"[...] IT IS arguably the most useful gadget in the space-farer's toolkit. In 'The Hitchhiker's Guide to the Galaxy', Douglas Adams depicted it as a 'small, yellow and leech-like' fish, called a Babel fish, that you stick in your ear. In 'Star Trek', meanwhile, it is known simply as the Universal Language Translator. But whatever you call it, there is no doubting the practical value of a device that is capable of translating any language into another.
Remarkably, however, such devices are now on the verge of becoming a reality, thanks to new 'statistical machine translation' software. Unlike previous approaches to machine translation, which relied upon rules identified by linguists which then had to be tediously hand-coded into software, this new method requires absolutely no linguistic knowledge or expert understanding of a language in order to translate it. [...]

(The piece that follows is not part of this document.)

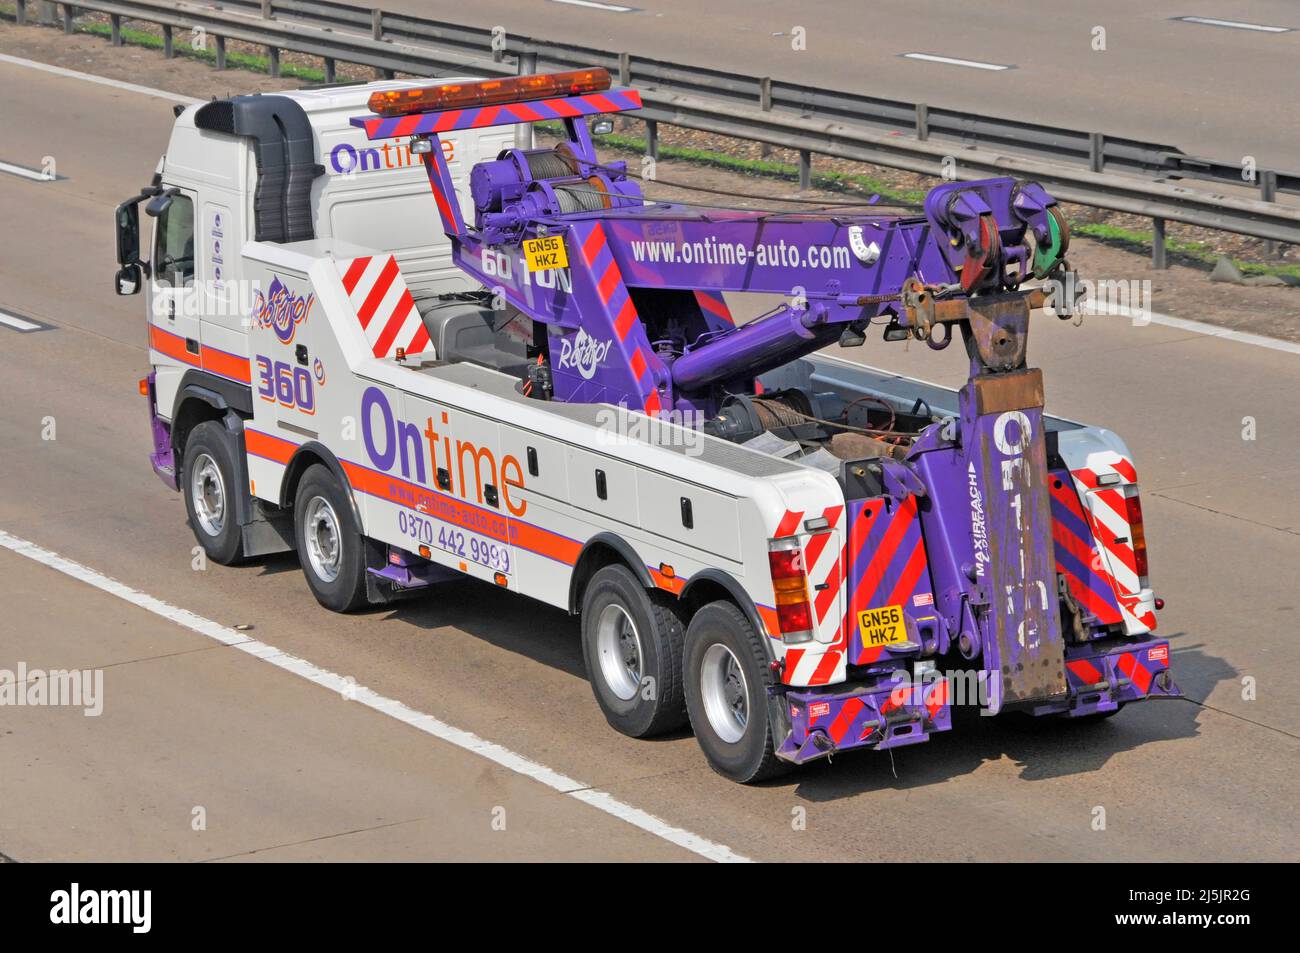 Vista posteriore e laterale aerea del colorato OnTime auto hgv sollevamento pesante guasto recupero camion veicolo guida lungo autostrada strada Inghilterra UK Foto Stock

Within the next few years there will be an explosion in translation technologies, says Alex Waibel, director of the International Centre for Advanced Communication Technology, which is based jointly at the University of Karlsruhe in Germany and at CMU. He predicts there will be real-time automatic dubbing, which will let people watch foreign films or television programmes in their native languages, and search engines that will enable users to trawl through multilingual archives of documents, videos and audio files. [...]"
Well, I'm quite seceptical. Reliable machine translation for real-world texts is announced to come soon since many years but up to now it appears to be a somewhat wonky thing. But IF, yes, IF The Economist should be right with this announcement, yes, then ... this would cause a little revolution with regard to the translation of legal texts, in particular patent documents.